Category: News — Ira @ 6:38 pm


“C’est La Vie, C’est La Vie – That’s just the way it goes (That’s life).”

—Robbie Nevil, lyrics: C’est La Vie

I thought about it a few weeks ago, when I wrote it. That maybe I shouldn’t brag. Shouldn’t litter my blog with vain boastings. But I went ahead and did anyway. Now there’s plenty of time to repent at leisure.

Two facts used to be true. One: I hate cities. All cities, big or small. Two: I’ve never ever, ever been issued a ticket for any traffic violation. Of any kind. Never. It was a matter of some pride to me. Well, actually, a lot of pride.

Of those two facts, one still remains true: I hate cities. All cities.

It all started innocently enough last week. Thursday, it was. I had scheduled a day of continuing legal education. The annual requirement that I attend X amount of hours of legal classes, to maintain my law license. This one was in Harrisburg. Downtown. In the Harrisburg Hilton Hotel.

No problem, really. Harrisburg is a small city. Many would consider it not a city at all. I’d been downtown before, just not recently. That morning, I slipped in and parked in a large parking garage for the day. Went to the class and hung out with about eighty equally bored attorneys. Listening to a passel of state bureaucrats droning on and on about bidding on state building contracts. At least they served a decent lunch.
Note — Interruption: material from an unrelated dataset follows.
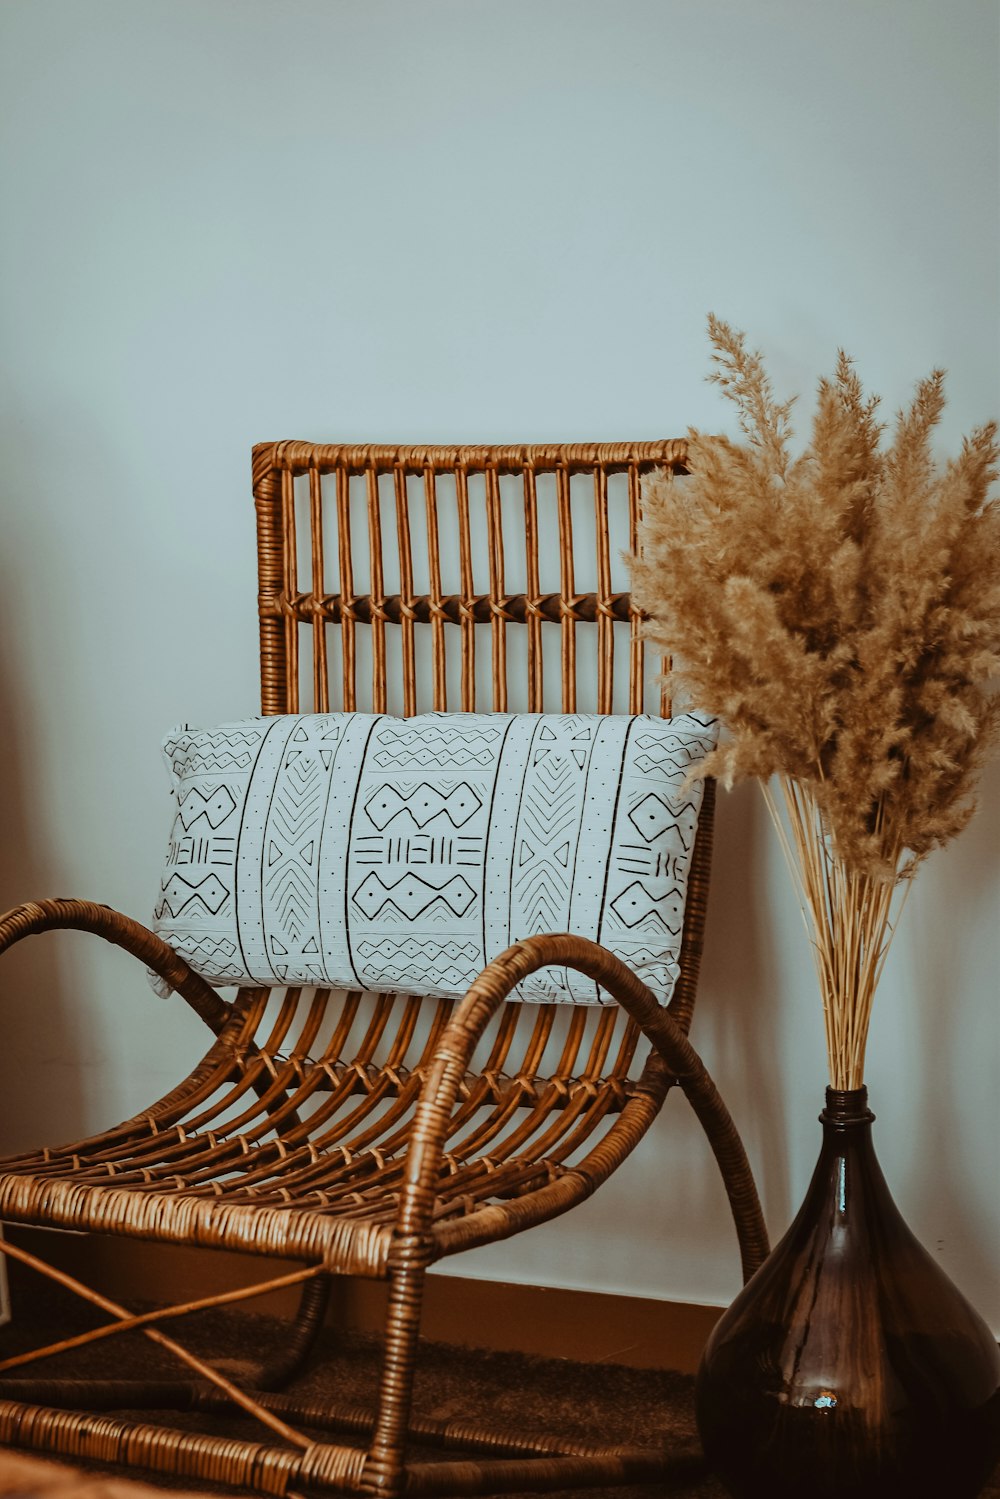 a wicker chair next to a vase with a plant in it

The afternoon inched on, and at last it was over. Free to go, shortly after four. I walked back to the garage, boarded Big Blue and paid my parking fee. Then turned left around the block and left again, on one-way streets and out of town.

I reached the light where I needed to make a last left onto my road out. A sign up at the light firmly proclaimed, NO LEFT TURN. No left turn? I couldn’t turn right, it was one-way. I had to turn left, or cross the bridge over the Susquehanna and beyond. I’d probably never find my way back. Wander forever, lost in the savage wilderness. Traffic was sparse. So just before the light turned red, I swung Big Blue to the left and stepped on it. Breathed freely. I was on my way out of the wicked city.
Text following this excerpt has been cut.